During my stay, I was concerned about the large number of Kenyan youth who travelled looking for learning opportunities and some who struggled to meet their tuition fees, dropping out of college,” he says.
Excited about putting his skills to use, Gicharu walked into Equity Bank and asked for Sh20,000, which he used to set up Thika Vocational Computer Literacy Center.
He rented two rooms and he was lucky that an NGO donated 10 computers since his passion to impart skills on young people had been established. He also enlisted services of volunteers who were keen to put into use their ICT skills.
“It was in 1996 and information technology was starting to become mainstream in education,” says Gicharu adding that he had started a pharmacy, but he did not make money out of it.
“You have to have a passion, focus and some knowledge about what you are doing. This is a valuable lesson I have learnt,” he says. From a vocational centre, the institution became a commercial college offering management and computer training programmes in 2002.
Later in the year, Mt. Kenya University was granted full registration approval as an institution of higher learning. In 2006, the Commission for Higher Education validated and approved Mt. Kenya University request for collaboration with JKUAT to offer both diplomas and degrees. Gicharu says in 2009, his dream of building a university of repute in Africa started when the institute was granted permission to establish a full-fledged privately funded university with Thika Institute of Technology as its precursor.

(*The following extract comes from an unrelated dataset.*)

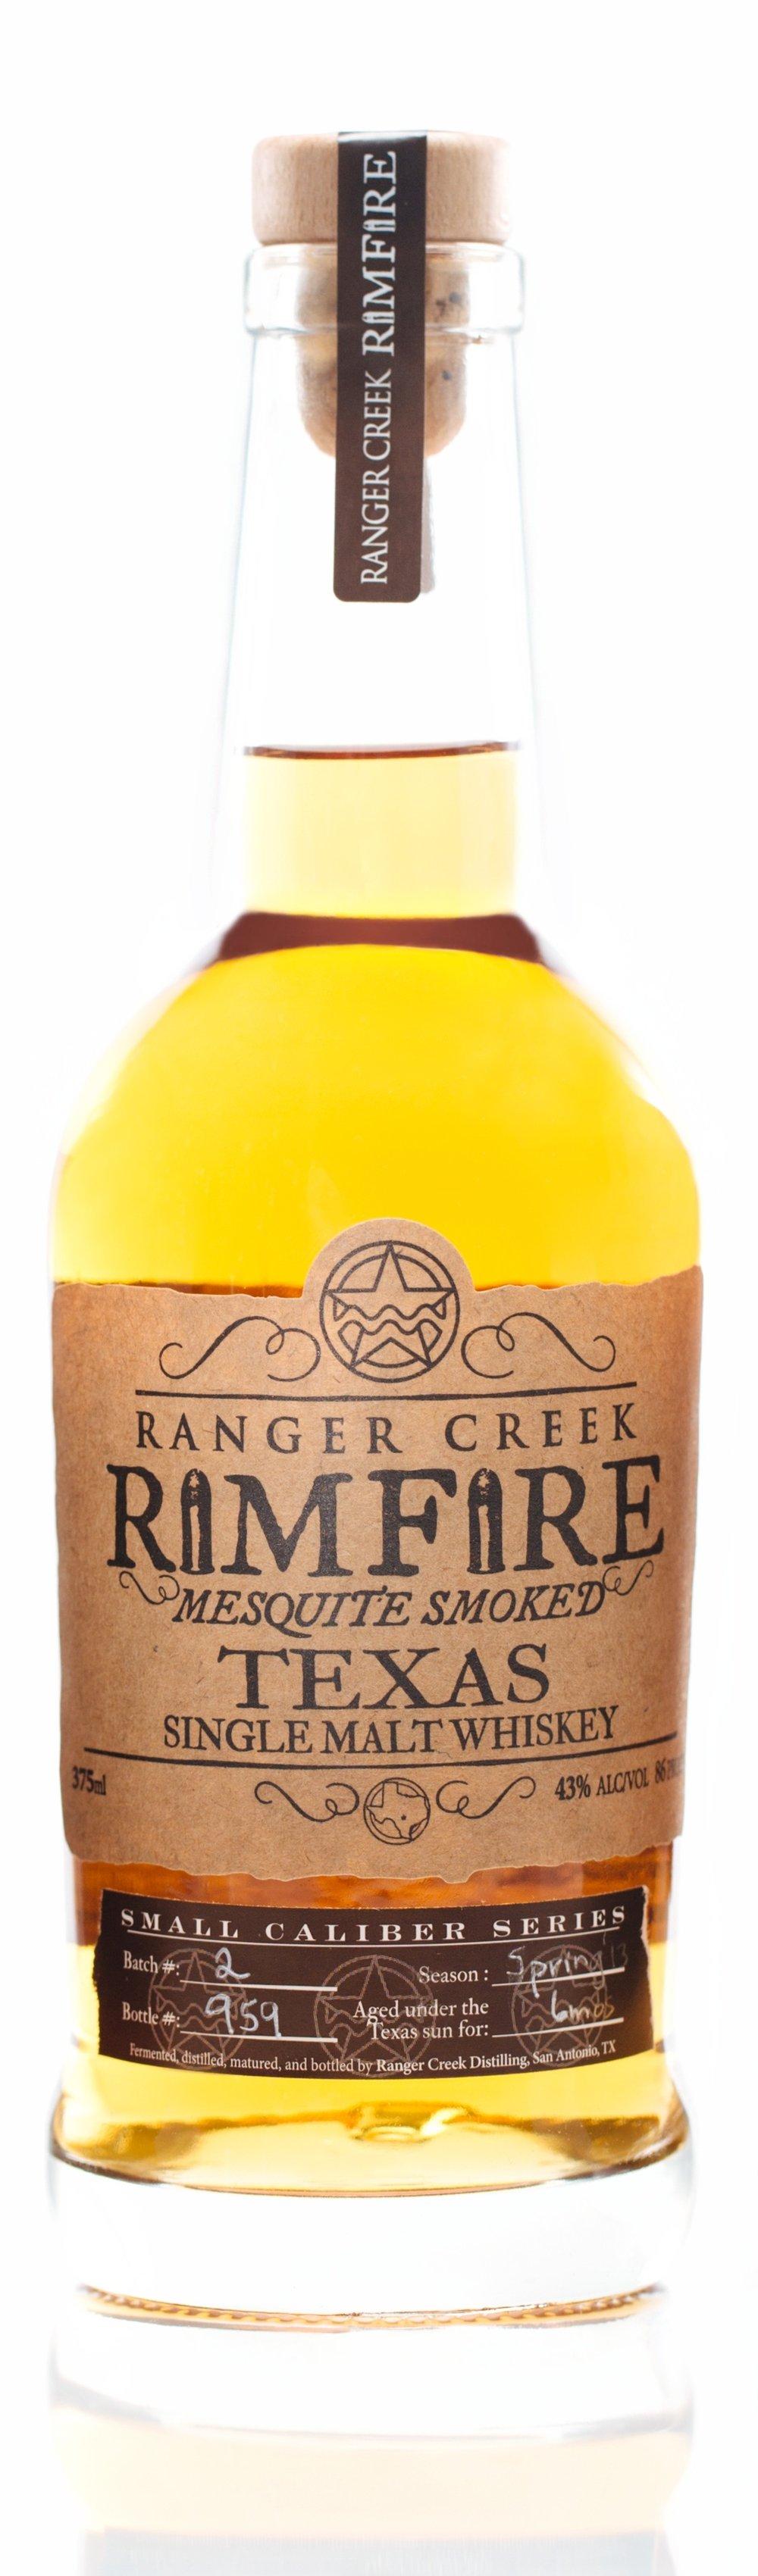 Rimfire Bottle

It was granted a charter two years ago and renamed Mt. Kenya University. Now, it is a multi-billion institution. “Looking back, the biggest achievement I have made is being able to change the lives of young people. It is not about money,” he says.
Mt. Kenya University is constructing a Sh900 million science and technology centre along the Thika-Garissa Road. He named the institution Mt Kenya University because:
“When you are at the top of a mountain, you have the whole world below you.” The focus now is research and collaboration with industries.